Les vitrines de Dallmayr, temple bourgeois de la gastronomie, regorgent toujours de gâteaux à étages et de dames tout droit sorties d'un épisode de « Derrick » mais, depuis peu, Munich se découvre aussi un goût immodéré pour le cacao. Boutiques et salons de chocolat éclosent comme edelweiss en montagne. Le meilleur de tous : Stancsics, dont le comptoir blanc laiteux et anguleux a été conçu par l'agence munichoise Tools of Architecture. Goûter obligatoirement aux ganaches artisanales chili-ananas ou poivre-poire pour comprendre que le massepain mozartien sur-sucré, hier tant chéri des mamies en loden, c'est dépassé.
Tant de fois construite et reconstruite, notamment à l'identique après la Seconde Guerre, Munich est aujourd'hui un perpétuel chantier de mutation urbaine et architectonique. Du haut de l'hôtel Bayerischer Hof, palace mondain au sommet duquel Andrée Putman a juché l'incroyable BlueSpa avec piscine céleste et champagne-bar panoramique, l'horizon munichois se hérisse de plus de grues que la ville ne compte de clochers. C'est dire. Après le centre-ville piétonnier, totalement métamorphosé et hyper-mode depuis l'ouverture des Fünf Höfe, ces cinq cours couvertes, tracées et façonnées par les architectes suisses Herzog & de Meuron, c'est au tour du Westend-Schwanthaler, ancien quartier ouvrier situé à l'ouest de la ville, au-delà de l'immense esplanade des Theresienhöhe, siège de la très païenne et paillarde Oktoberfest, de se signaler aux « tendanceurs ».
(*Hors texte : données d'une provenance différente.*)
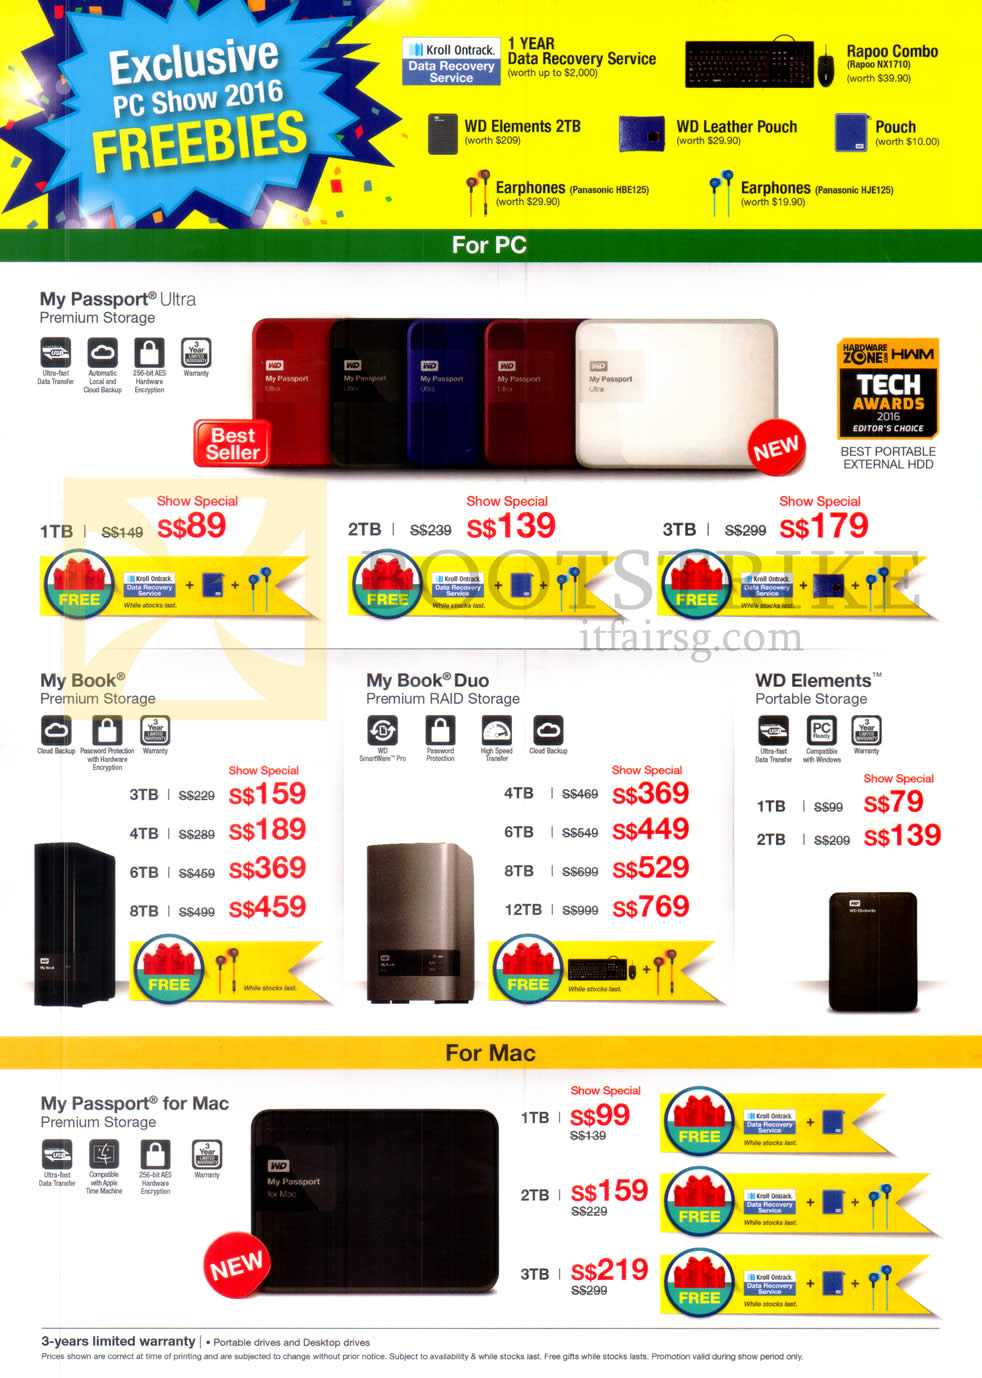 Western Digital External Hard Disk Drives My Passport Ultra Book Wd 1tb Hd Pc Show 2016 Price List Image Brochure Of

Restaurants, cafés, galeries, s'alignent le long des Gollier et Kazmairstrasse. Tout à côté, sur le site réhabilité de l'ancienne Messe (foire), audaces architecturales et constructions ultramodernes sont dues en partie à l'architecte berlinois Volker Staab, à qui Munich doit aussi le Maximilianeum, nouveau siège du Parlement bavarois. Depuis 1999, le paysage architectural munichois s'est enrichi du Siemens Forum signé Richard Meier et des tours Highlights, érigées sur la bien-nommée Mies-Van-der-Rohe Strasse, au nord du quartier de Schwabing, par l'architecte Helmut Jahn, connu pour ses réalisations sur la Potsdamerplatz à Berlin et déjà salué pour son Munich Airport Center.
Stade extra-terrestre
Officiellement inauguré le 9 juin 2006 à l'occasion du premier match de la World Cup, Allemagne-Costa-Rica, le gigantesque stade Allianz Arena (66.000 places assises), ainsi baptisé puisque financé par la compagnie d'assurances Allianz, est la plus grande oeuvre architecturale sportive munichoise depuis la construction du village olympique pour les JO de 1972. Réalisée par Herzog & de Meuron, très actifs en ville, cette arène de lumière, visible de très loin, ressemble en plein jour à un pneu géant - ses parois sont constituées de 2.874 panneaux translucides gonflables - et s'illumine nuitamment aux couleurs des équipes de foot munichoises : rouge quand joue le Bayern ; bleu quand joue le 1860 München ; blanc quand il s'agit d'une rencontre internationale.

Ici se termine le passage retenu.